Knowledge Graph Extraction Evaluation
Scores entity and relation extraction against the hand-labeled gold set in `../data/sample_triples.json`.
Overview
Knowledge Graph Extraction Evaluation
Scores entity and relation extraction against the hand-labeled gold set in ../data/sample_triples.json.
Running
From the repository root, install dependencies and set your API key:
uv sync --all-extras
cp .env.example .env # then edit .env to add ANTHROPIC_API_KEY
Then:
uv run python capabilities/knowledge_graph/evaluation/eval_extraction.py
Metrics
Entity P/R/F1 — an extracted entity counts as a true positive if its canonicalized name matches a gold entity in the same document. Canonicalization lowercases and maps known surface-form variants ("National Aeronautics and Space Administration" → "nasa") via data/alias_map.json.
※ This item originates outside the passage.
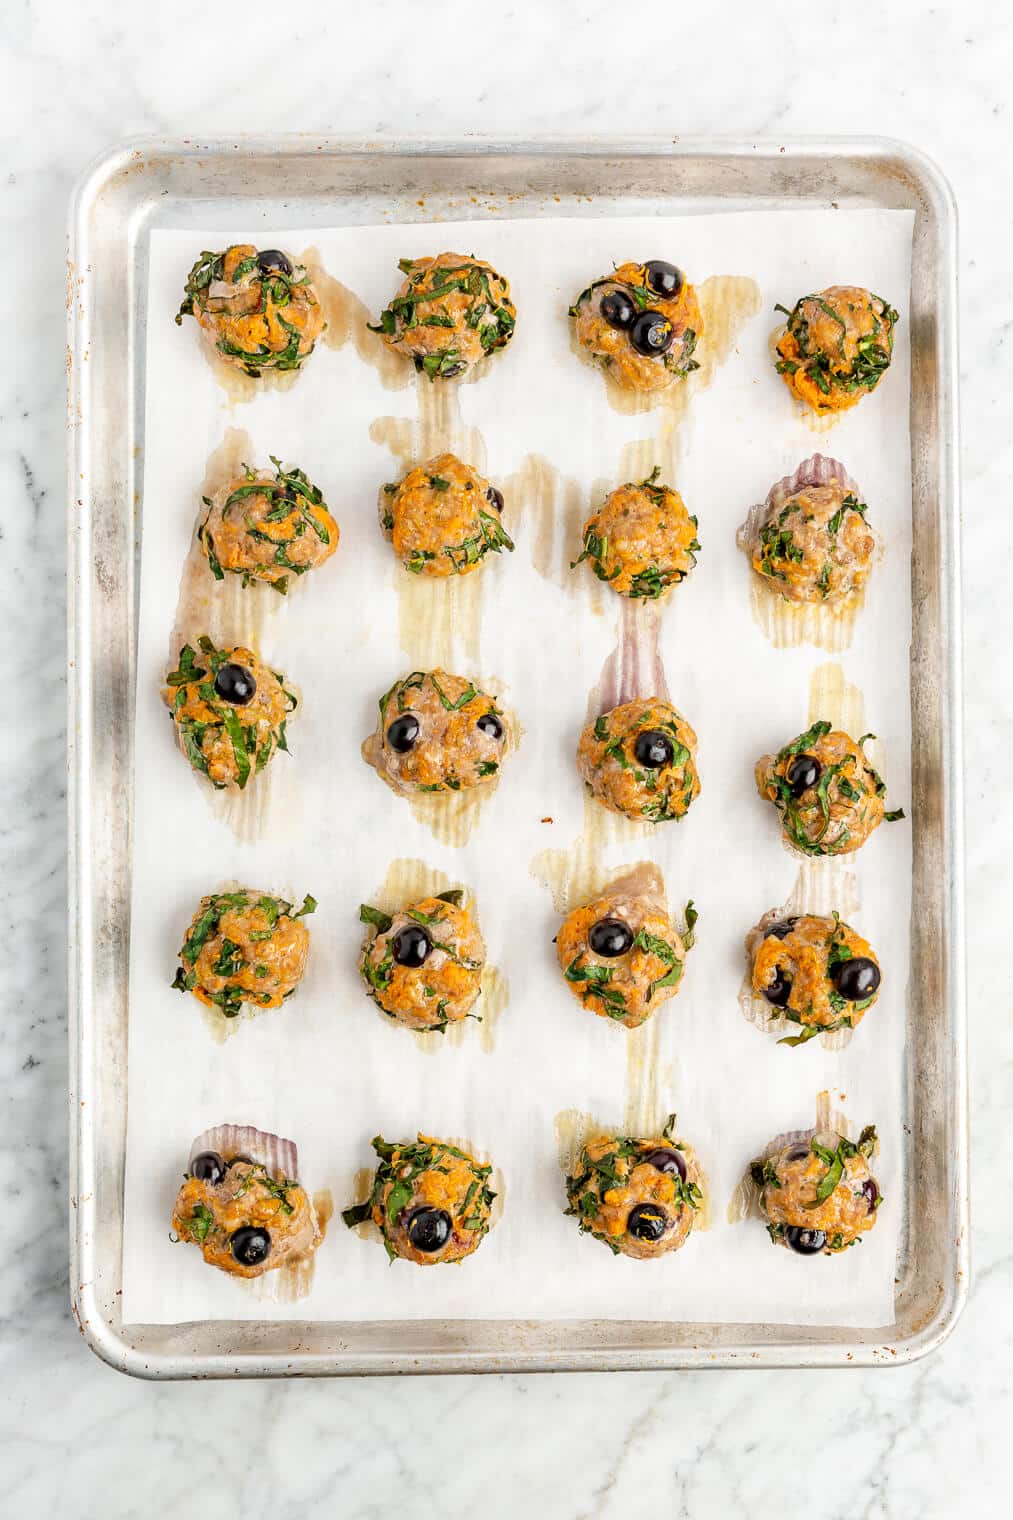 Five rows of four cooked blueberry breakfast meatballs on a parchment lined baking sheet on a grey and white marble surface.
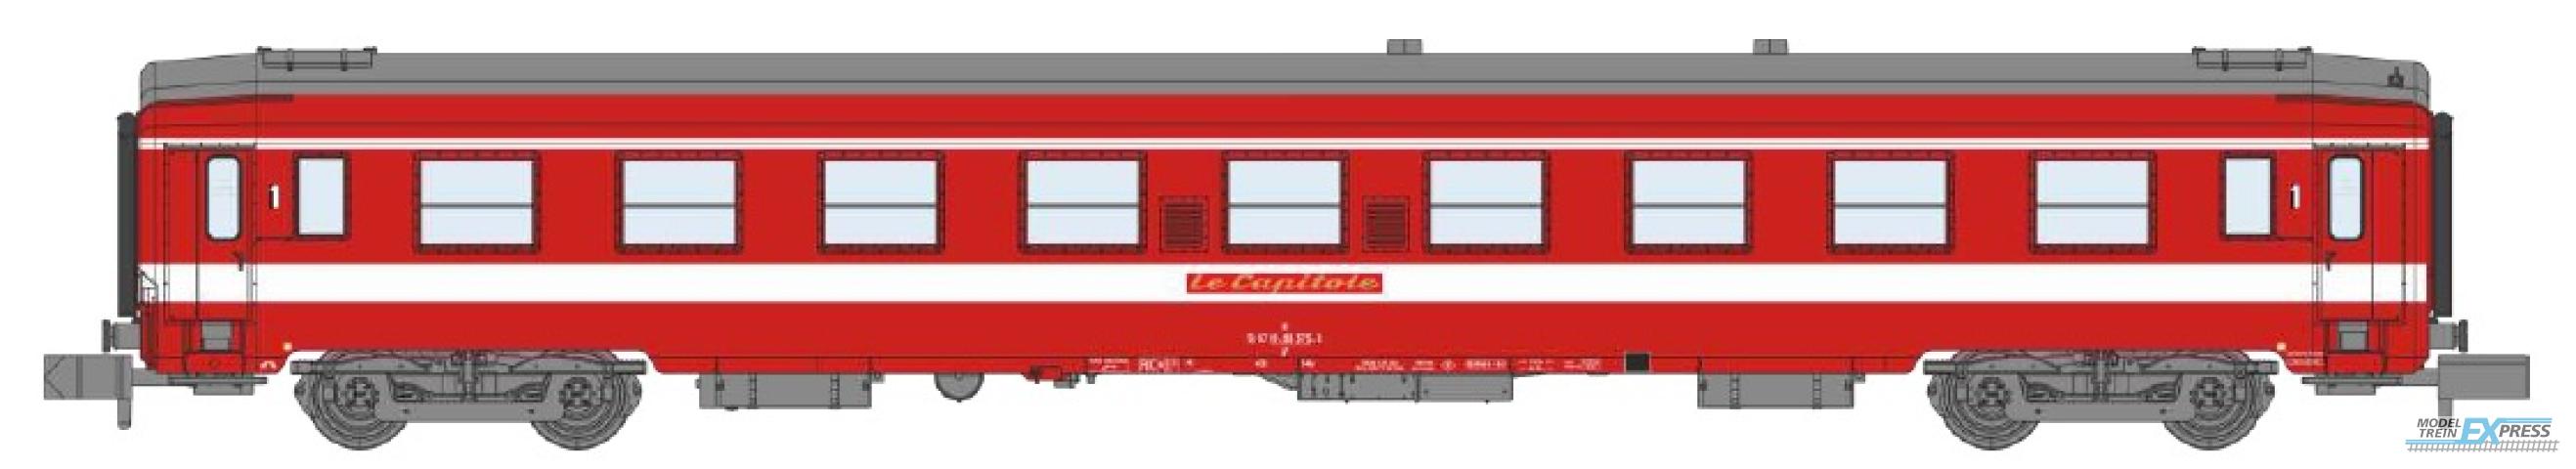 REE models NW-157 UIC Car A9 Era IV Red "LE CAPITOLE"

Relation P/R/F1 — a relation counts as a true positive if both canonicalized endpoints match a gold (source, target) pair. Predicate wording is ignored: "commanded" and "was commander of" both count, but so would a semantically wrong predicate like "destroyed" between the same two entities. This makes the reported relation recall an upper bound — it measures whether the extractor found the right connections, not whether it labeled them correctly. For stricter scoring you would add a predicate-similarity check (e.g. a Claude judge call per candidate pair).
Expected baseline
With claude-haiku-4-5 and the extraction prompt from the guide, expect roughly:
| Metric | P | R | F1 |
|---|---|---|---|
| Entities | 0.80–0.90 | 0.70–0.85 | 0.75–0.85 |
| Relations | 0.70–0.85 | 0.55–0.70 | 0.60–0.75 |
These ranges are indicative; actual scores vary run-to-run due to model non-determinism.
Recall on relations is the hard number — the extractor tends to be conservative, preferring fewer high-confidence edges over exhaustive coverage. Tuning the extraction prompt for higher recall (e.g. "extract every stated relationship, even minor ones") trades precision for recall.